● Given information:
Start of Block
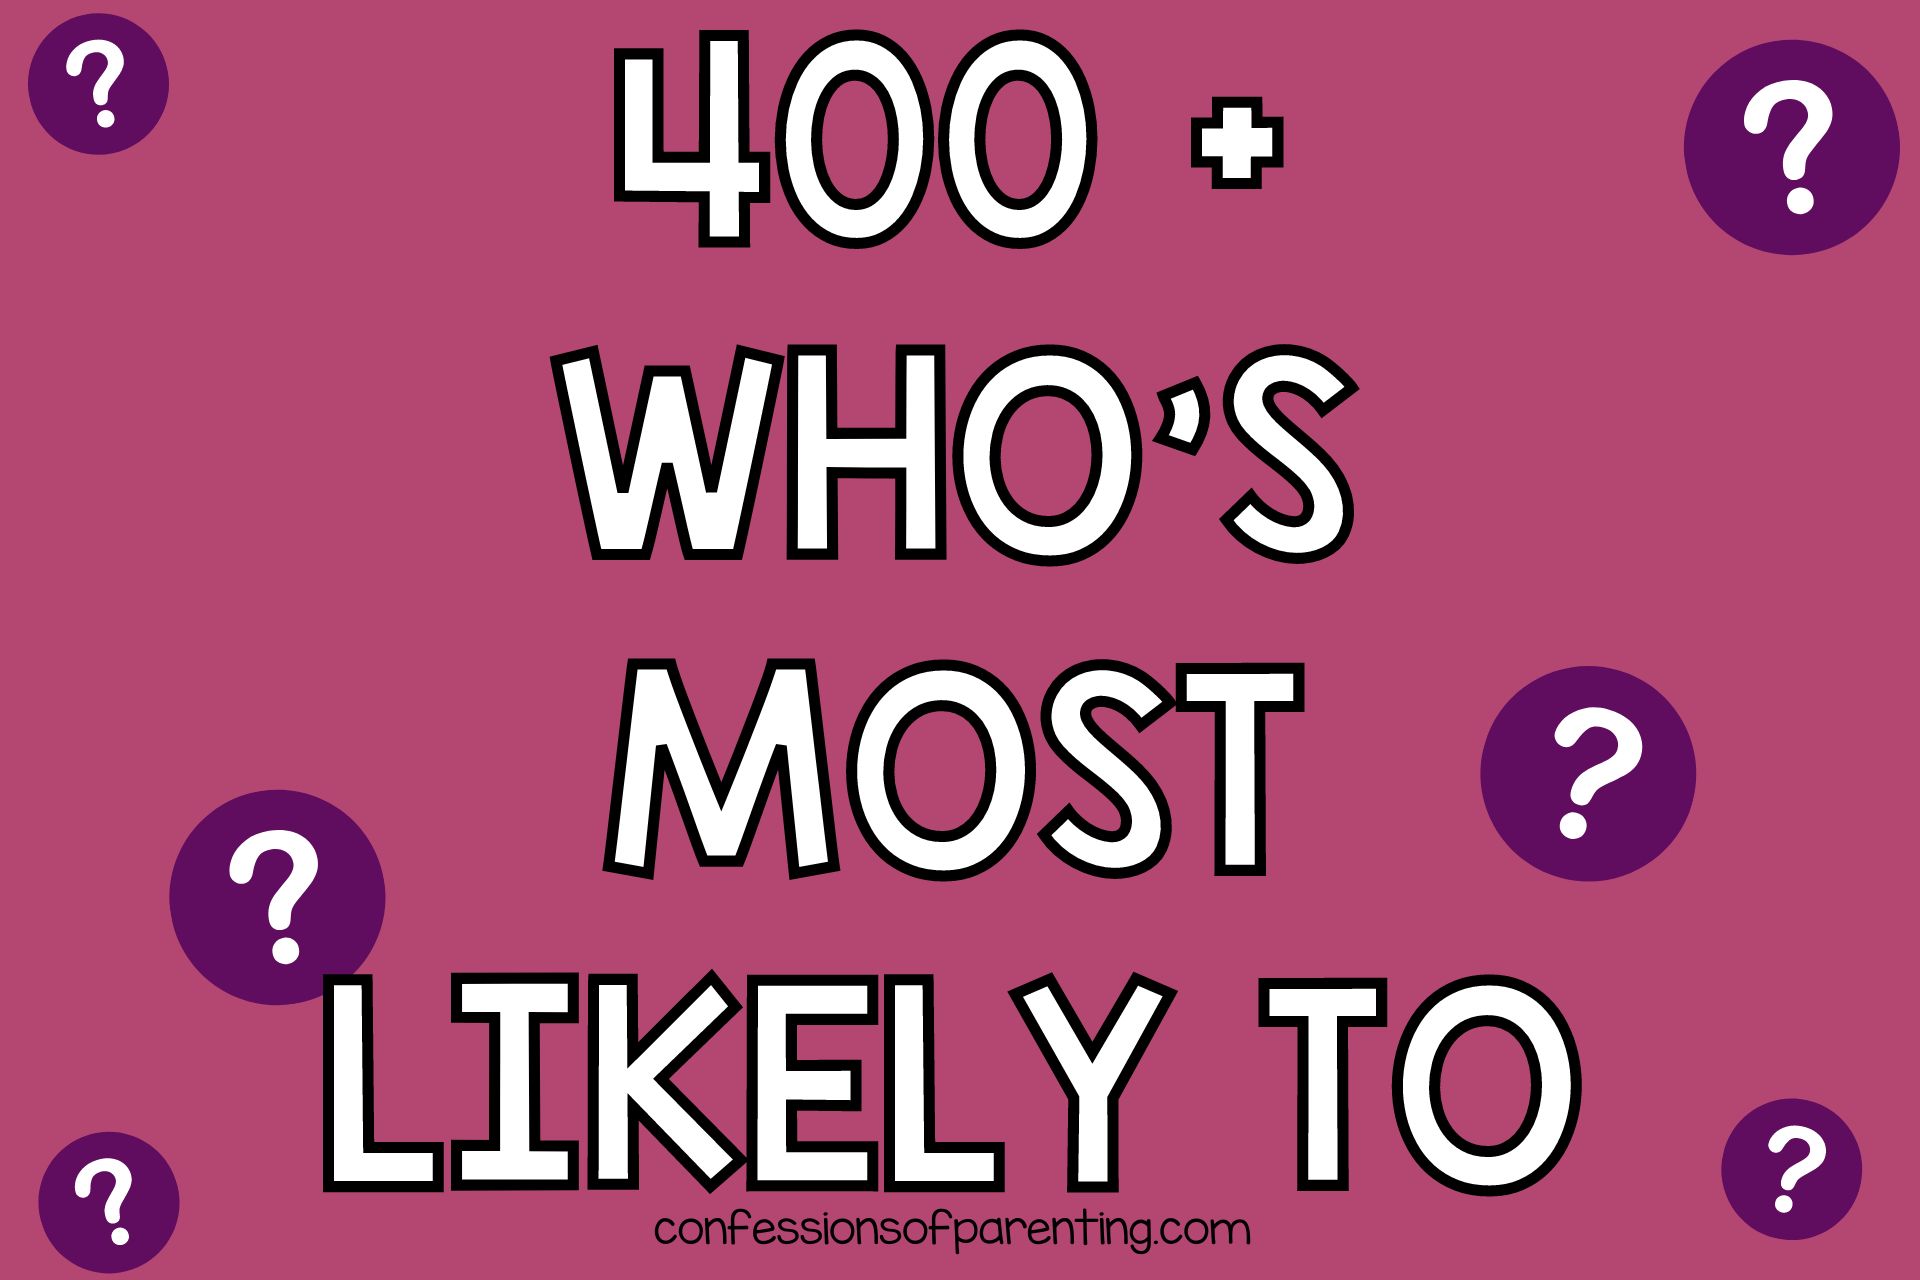 400 Who's Most Likely To Questions + Printable Cards!
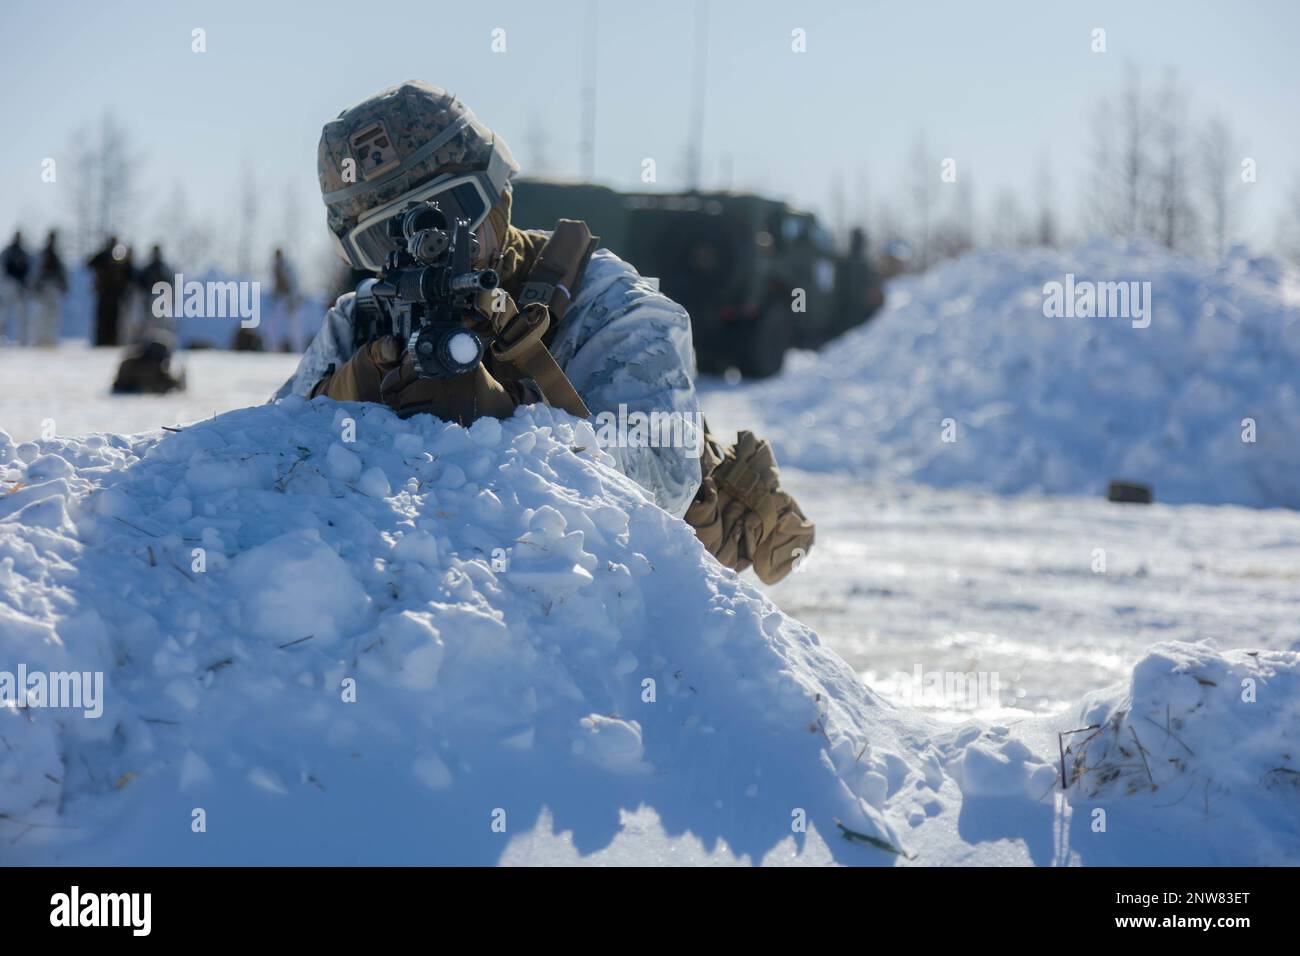 U.S. Marine Corps Lance Cpl. Brandon Nava, a supply administration and operations specialist with 3d Battalion, 12th Marines, posts security during Artillery Relocation Training Program 22.4 at the Yausubetsu Training Area, Hokkaido, Japan, Jan. 27, 2023. The skills developed at ARTP increase the proficiency and readiness of the only permanently forward-deployed artillery unit in the Marine Corps, enabling them to provide precision indirect fires. Nava is a native of El Paso, Texas. Stock Photo
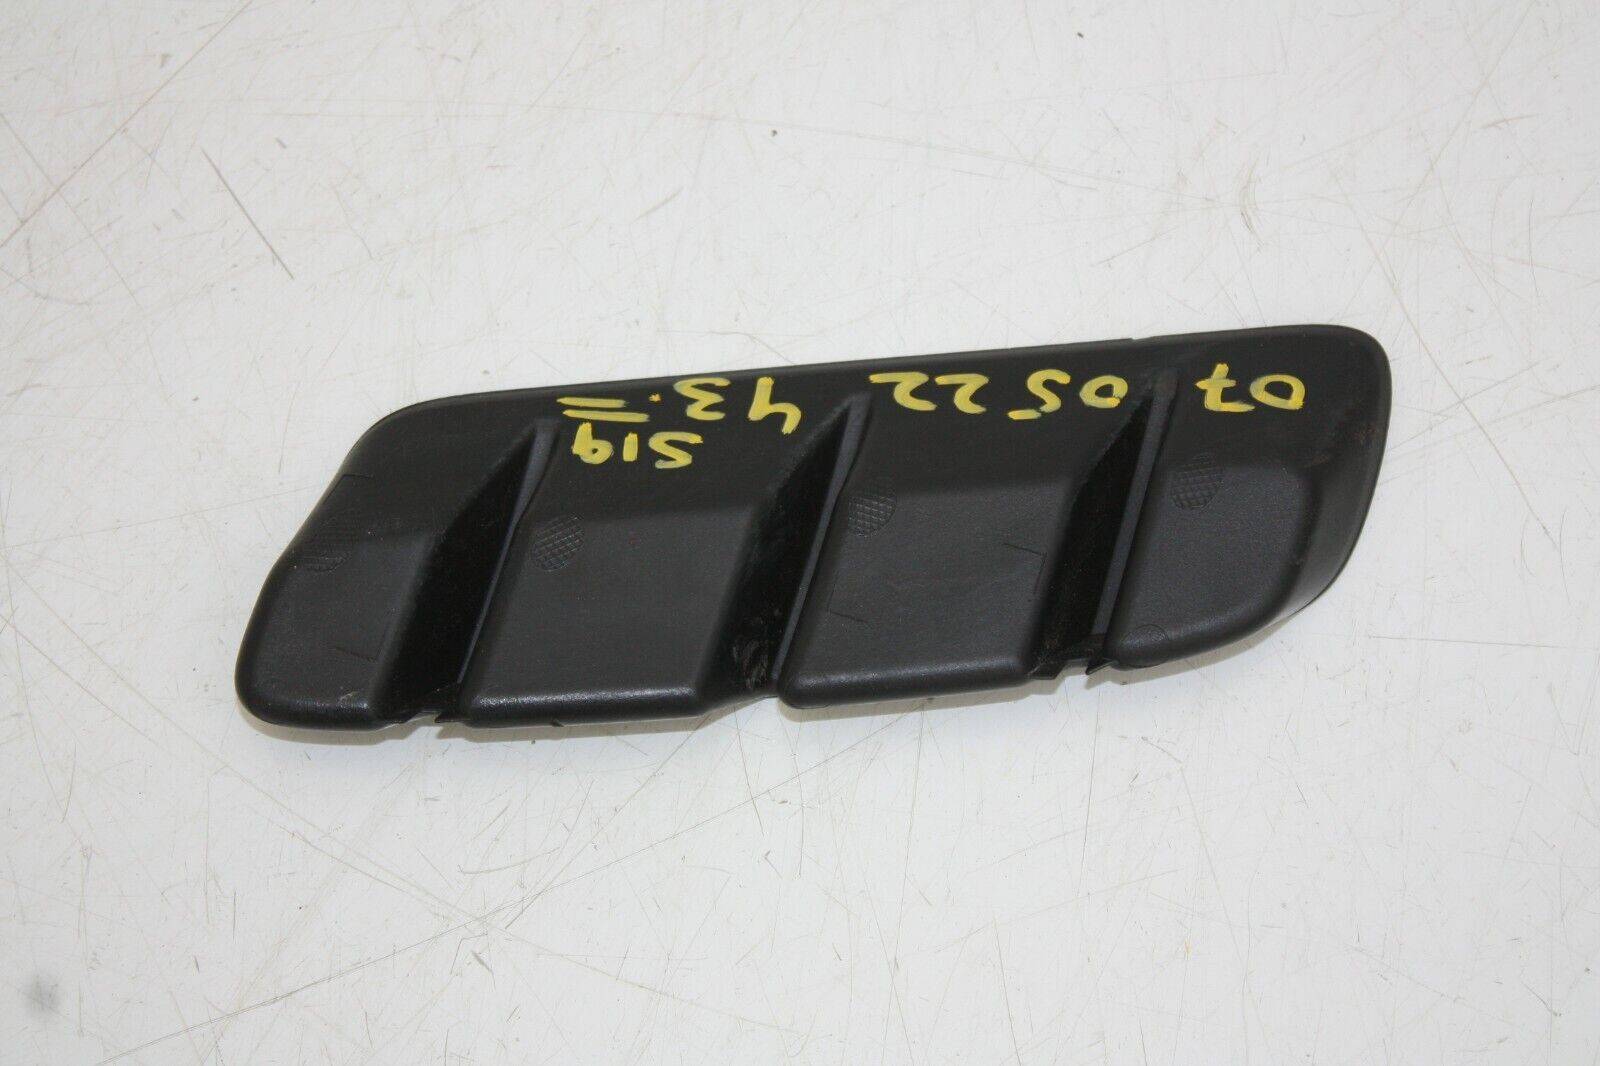 Audi-TT-Coupe-Roadster-Right-Side-Air-Outlet-Trim-8S0807946-Genuine-175869883766-4
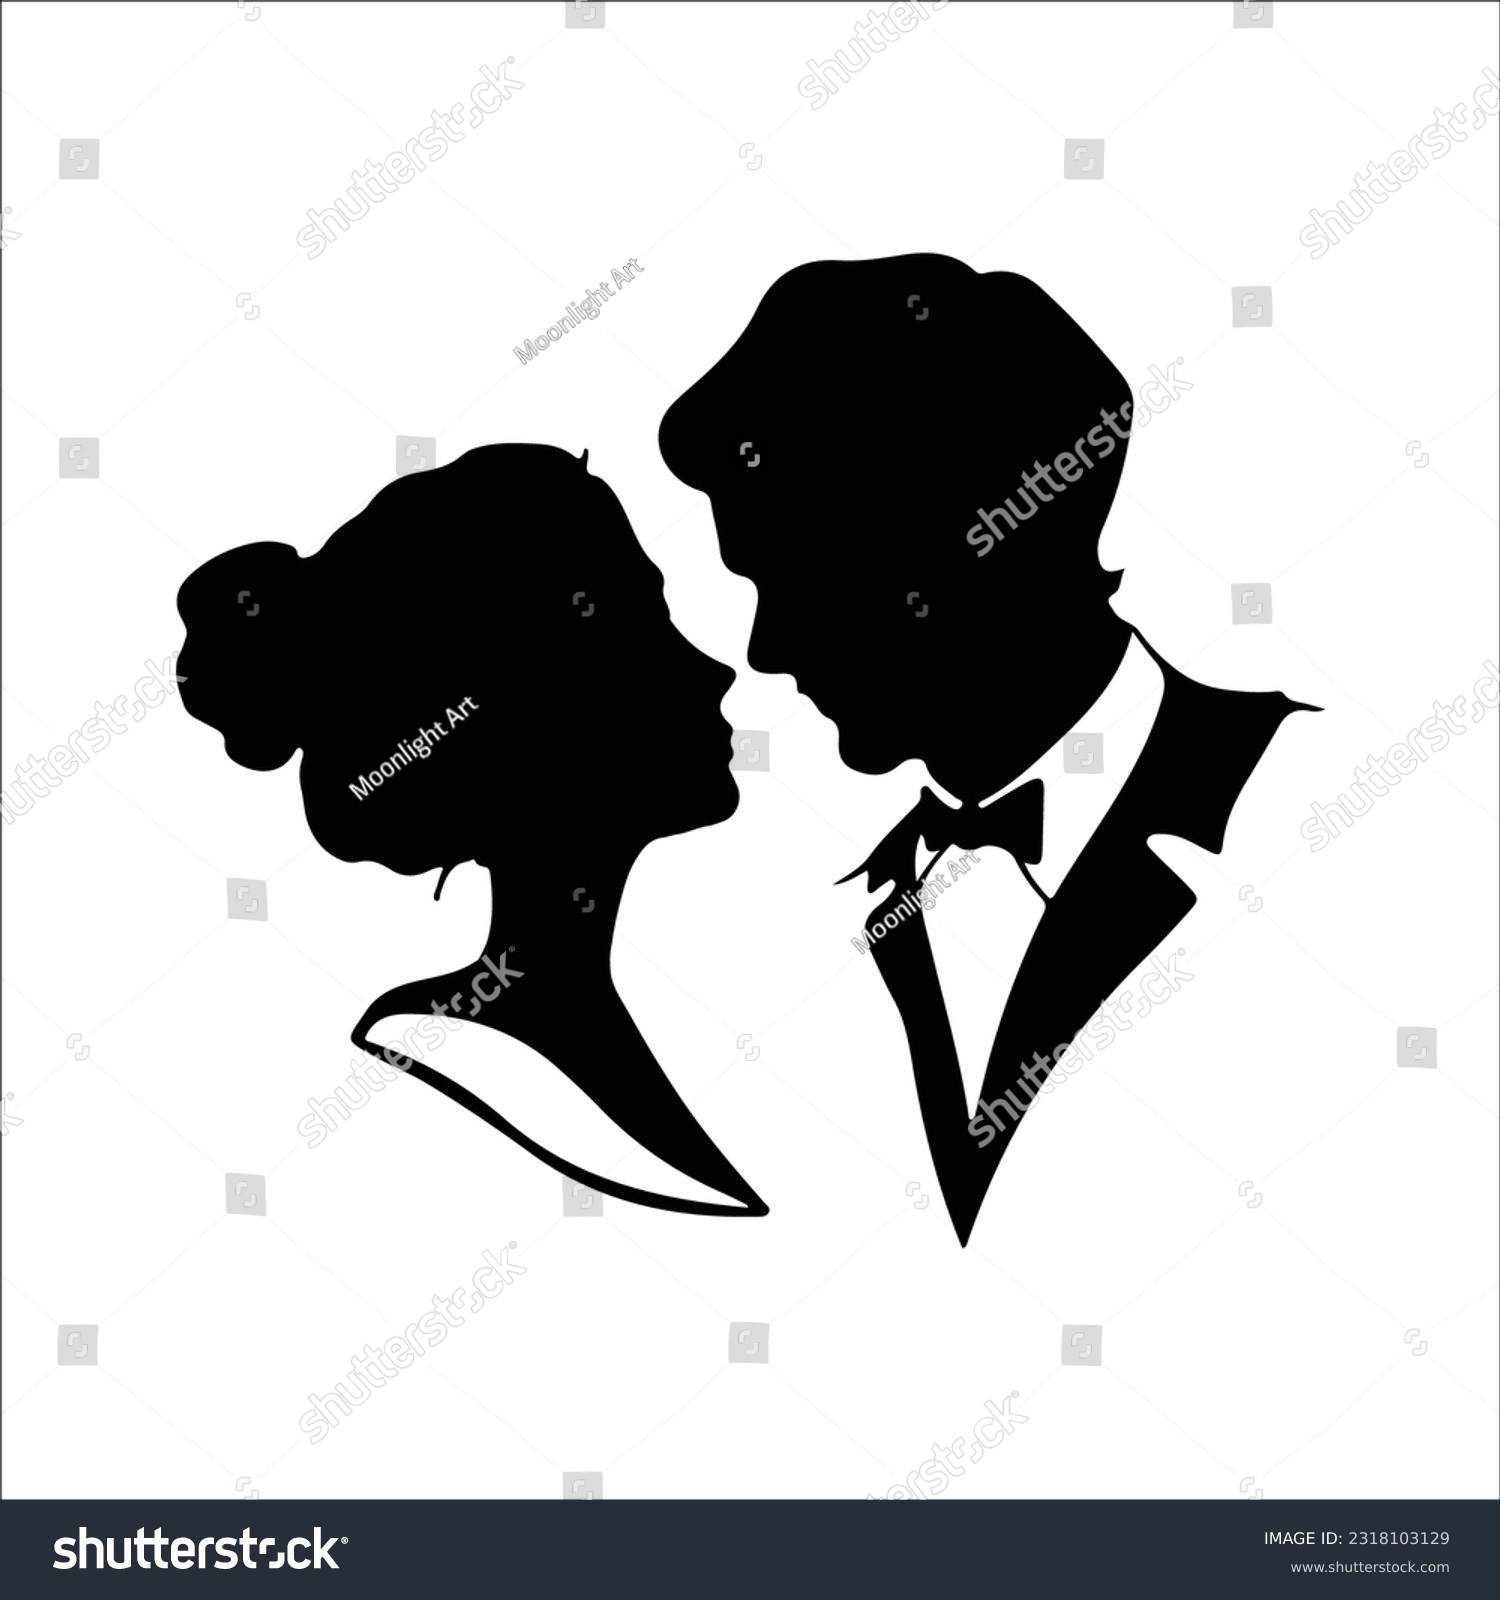 SVG of Bride and Groom svg, Wedding figure svg, Wedding ornament svg, details dress , silhouette, mr and mrs, marriage, engagement, husband and wife, just married, wedding sign, hubby and wifey svg
End of Block
● Work instruction:
From the first line to the last, give the data again exactly, but without pictures.

● Answer space:
 400 Who's Most Likely To Questions + Printable Cards!
 U.S. Marine Corps Lance Cpl. Brandon Nava, a supply administration and operations specialist with 3d Battalion, 12th Marines, posts security during Artillery Relocation Training Program 22.4 at the Yausubetsu Training Area, Hokkaido, Japan, Jan. 27, 2023. The skills developed at ARTP increase the proficiency and readiness of the only permanently forward-deployed artillery unit in the Marine Corps, enabling them to provide precision indirect fires. Nava is a native of El Paso, Texas. Stock Photo
 Audi-TT-Coupe-Roadster-Right-Side-Air-Outlet-Trim-8S0807946-Genuine-175869883766-4
 SVG of Bride and Groom svg, Wedding figure svg, Wedding ornament svg, details dress , silhouette, mr and mrs, marriage, engagement, husband and wife, just married, wedding sign, hubby and wifey svg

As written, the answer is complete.